Numerous scientific studies carried out in the last two decades relation the short-time effects of the particles concentration increase with increase in the daily mortality and hospital admissions. Other studies advise about the high content of Polyciclic Aromatic Hydrocarbours (PAHs) that are found bonded to the particles fraction PM2.5 provenient from the combustion processes. At least 13 of the compounds that formed the family of the PAHs have been recognised as carcinogens by the WHO. This same organisation said that, in addition to cancer, the fraction of 2.5 particles caused cardiovascular and respiratory illnesses being the cause of 400,000 premature deaths only in Europe.
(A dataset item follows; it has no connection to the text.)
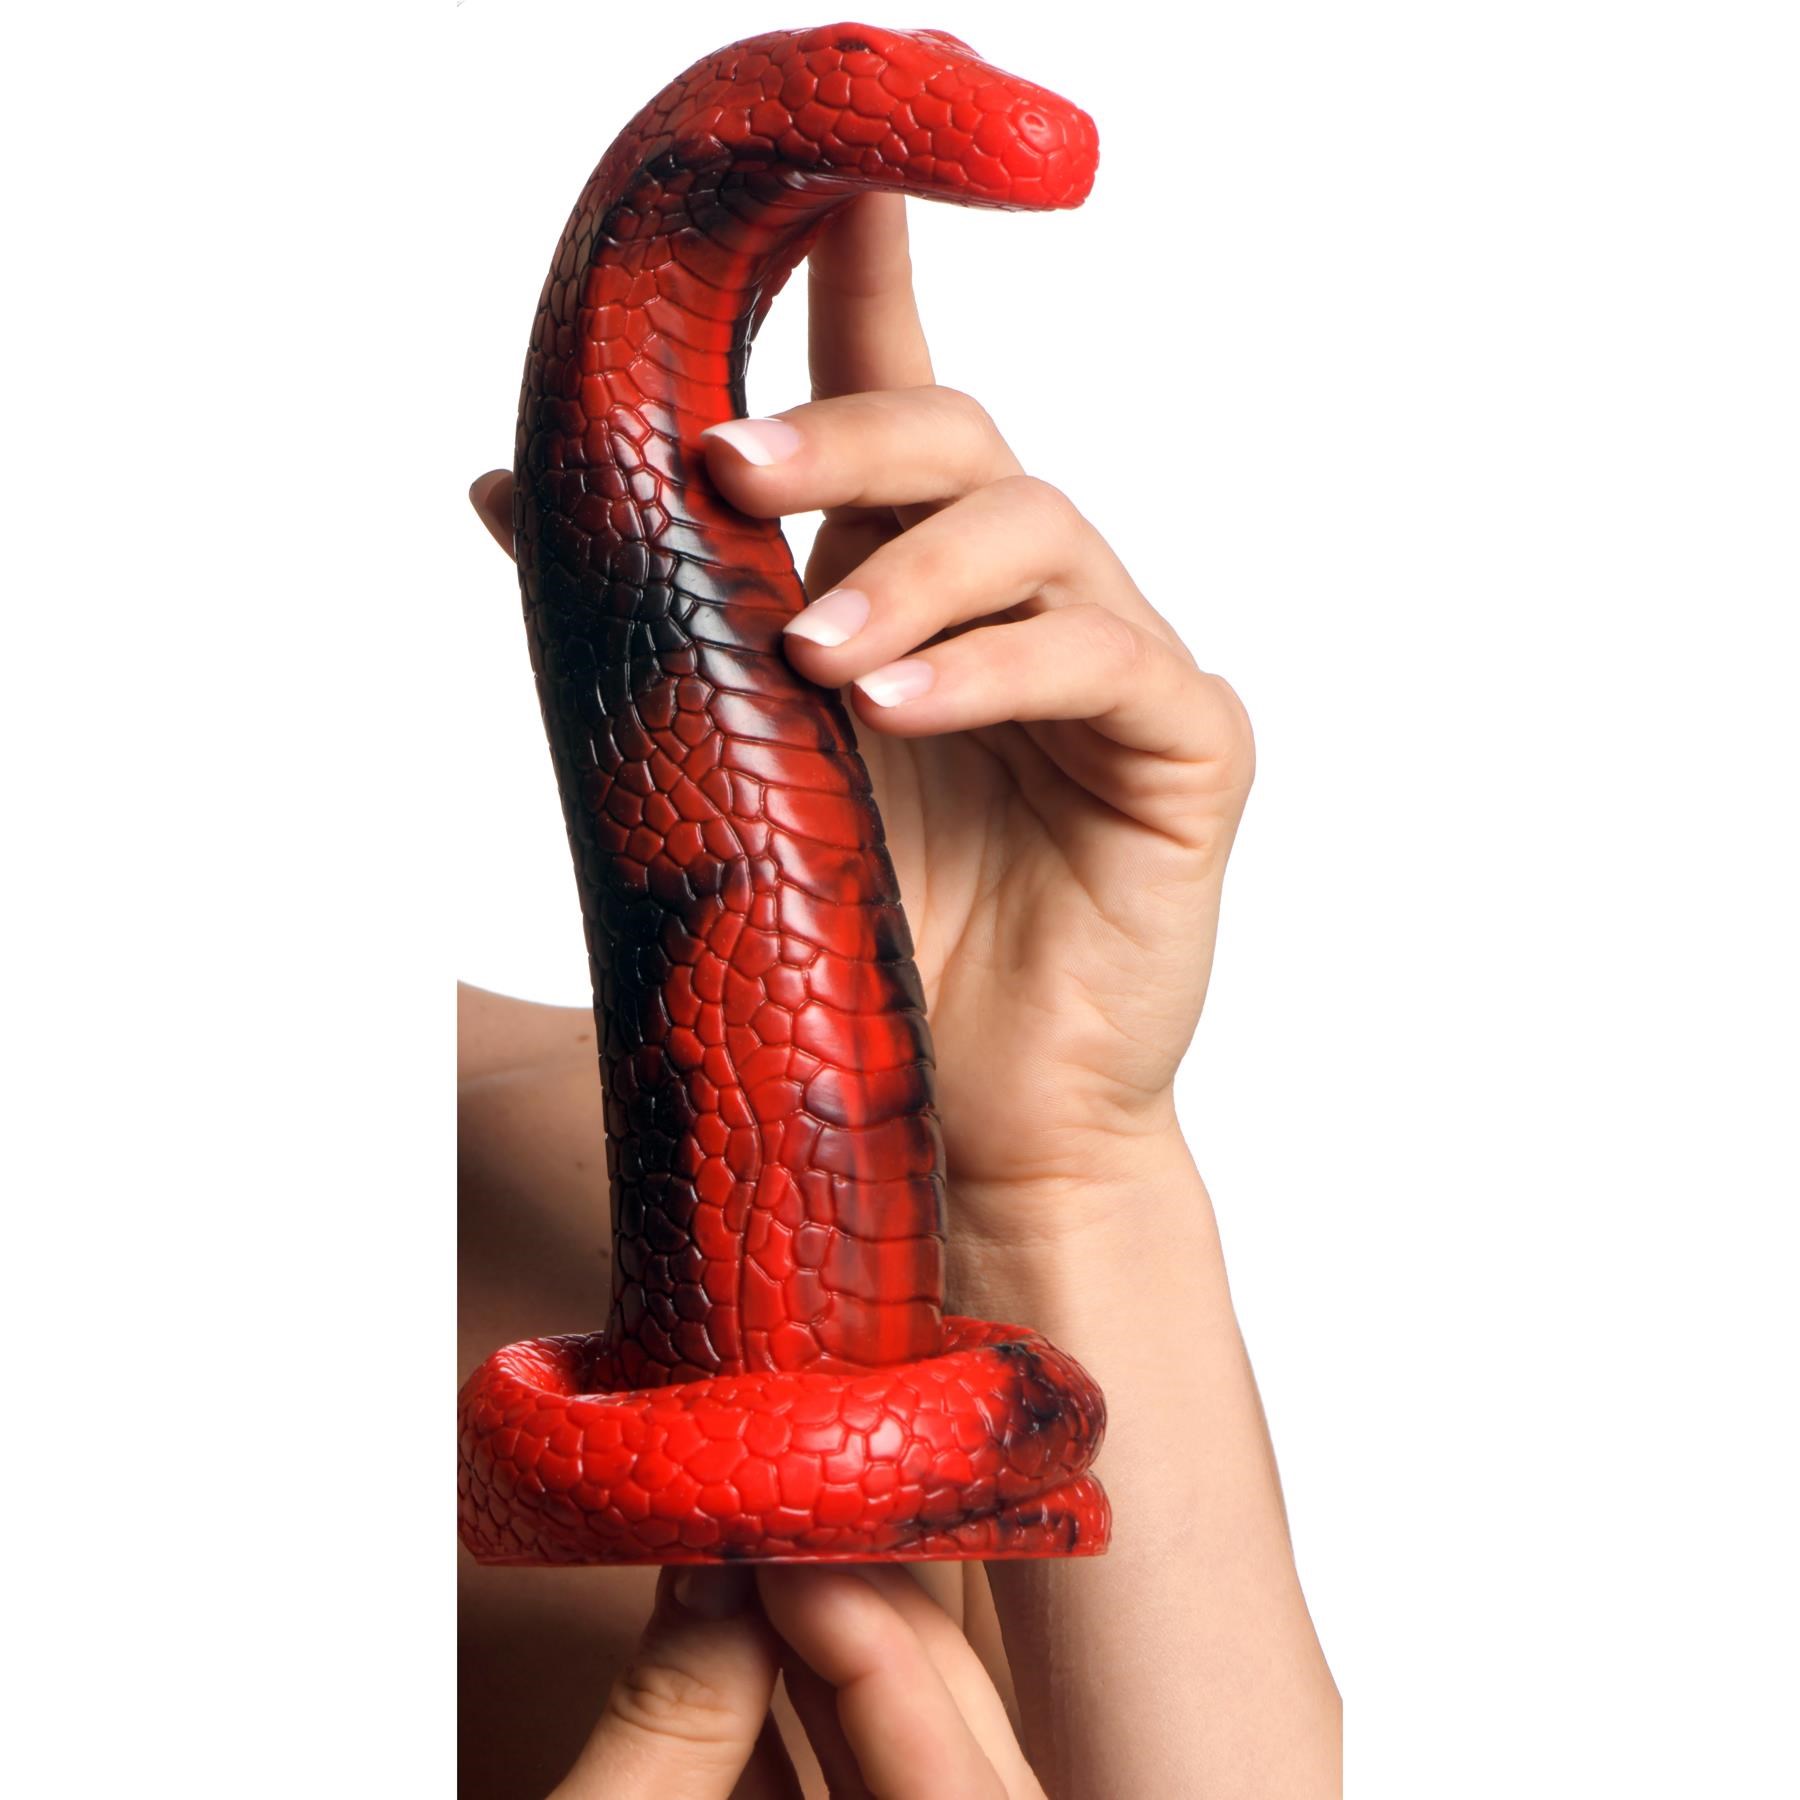 CreatureCocks King Cobra Silicone Dildo - Hand Shot to Show Size

Source: https://www.elnorte.com
What are Non-Exhaust Emissions (NEE) and what is their contribution to road transport emissions?
Once introduced the problematic produced by the particle emissions, as well as their sources, we will focused in the NEE particles, that is to say, those emited by vehicles but that are non-provenient from the gas scape. These particles are originated throguh the wear and tear produced by the friction between pillows and brake discs, and between the wheels and the road surface.
In contrast to what happens with the emissions of particles in the scape gases, knowadays it doesn´ t exist any law that limits the emission of NEE particles, in fact, most part of the society isn´ t even consciouss of their existence.
But, the contribution of the NEE particles is representative if we comparewith the one of the scape gases?
Surprising as it may seem, the contribution of NEE particles it´ s not only representative, but since some years ago it is clearly superior. Data published by the Inventory of National Atmospheric Emissions of United Kingdom reveal that meanwhile the scape particles have been reduce in a notorious way in the last years, NEE particles has increase and are expected to continue to do so in the future. The source mentioned before states that, from the rimary particles emited by trnsport by road, the 605 of the PM2.5 and the 73% of the PM10 were due to NEE particles (measures carried out in United Kindom during 2016). Those percentages continue increasing as the scape emissions decrease, as it represents the graphic elaborated by the NAEI.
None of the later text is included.